Alguma vez se cruzou com um homem que parece estar preso num ciclo interminável de conquistas amorosas ou que é um romântico incurável, incapaz de resistir à tentação de se apaixonar? Este artigo procura desvendar o mistério por detrás deste comportamento, recorrendo à Psicologia Analítica.
Na Psicologia Analítica, quando nos referimos a um ciclo vicioso, padrão comportamental ou estilo de vida, estamos, na verdade, a falar de um "complexo". Então, o que é um complexo? E o que é o complexo do Don Juan?
Um complexo, na linguagem da psicologia junguiana, é uma espécie de nó emocional, composto por experiências que acumulamos e reforçamos ao longo da vida, e que se manifesta através de padrões comportamentais específicos. Este conceito, introduzido por Carl Jung, sugere que um complexo pode ter uma influência tão poderosa sobre a psique que pode criar uma personalidade independente dentro do indivíduo. Quando este complexo é ativado, o sujeito é envolvido por ele e deixa de ser ele próprio. É por isso que, na Idade Média, o amor era frequentemente visto como uma forma de possessão. Se esta ideia lhe parece estranha, pergunte-se: alguma vez se sentiu possuído pela paixão do amor? E que ações estranhas, tristes ou ridículas tomou sob a influência dessa paixão?
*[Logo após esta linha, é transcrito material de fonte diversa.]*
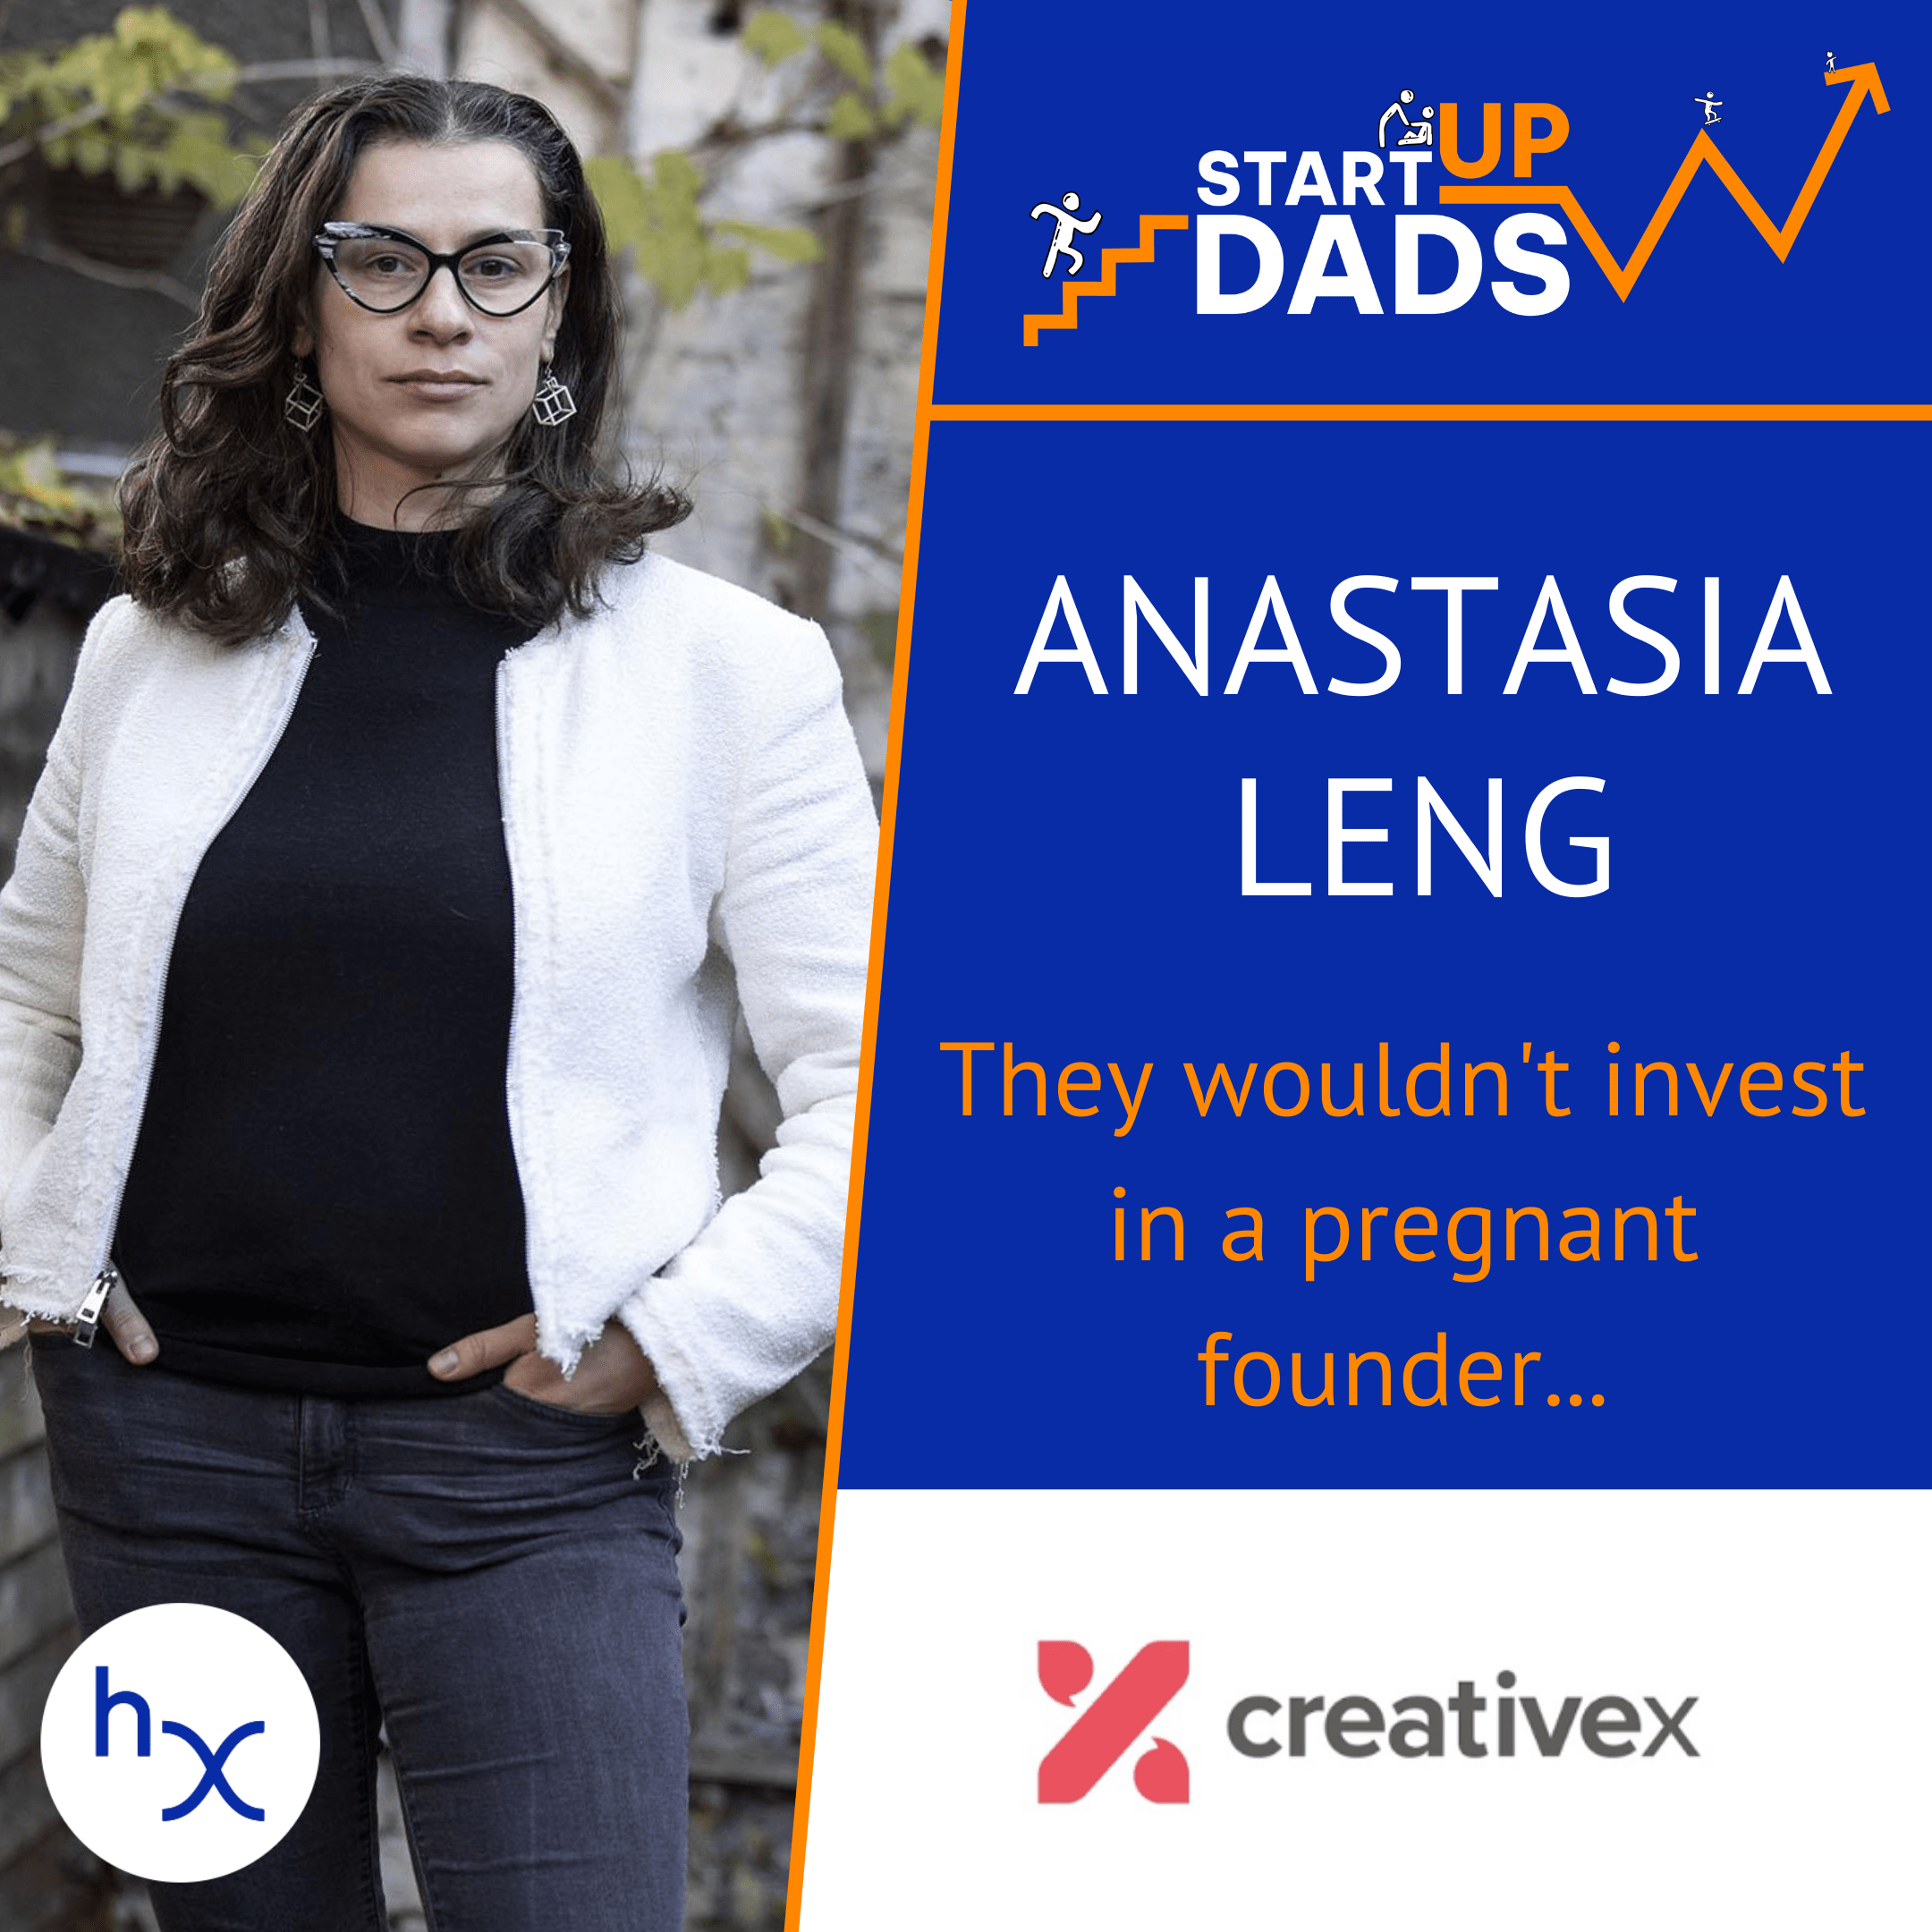 They wouldn't invest in a pregnant founder...

A ativação de um complexo pode ser ilustrada pela situação em que alguém é dominado pela raiva no trânsito ou quando um assunto particularmente sensível é abordado. Essa pessoa é subitamente dominada pela raiva porque foram pressionados "botões" emocionais que não estão bem integrados na sua psique. Porém, os complexos não são apenas forças negativas. Tal como qualquer outro elemento psíquico, um complexo tem tanto uma faceta positiva como negativa. Por exemplo, as nossas experiências com a nossa mãe podem levar à formação de um complexo materno positivo ou negativo. Pode encontrar mais informações sobre este tópico neste link.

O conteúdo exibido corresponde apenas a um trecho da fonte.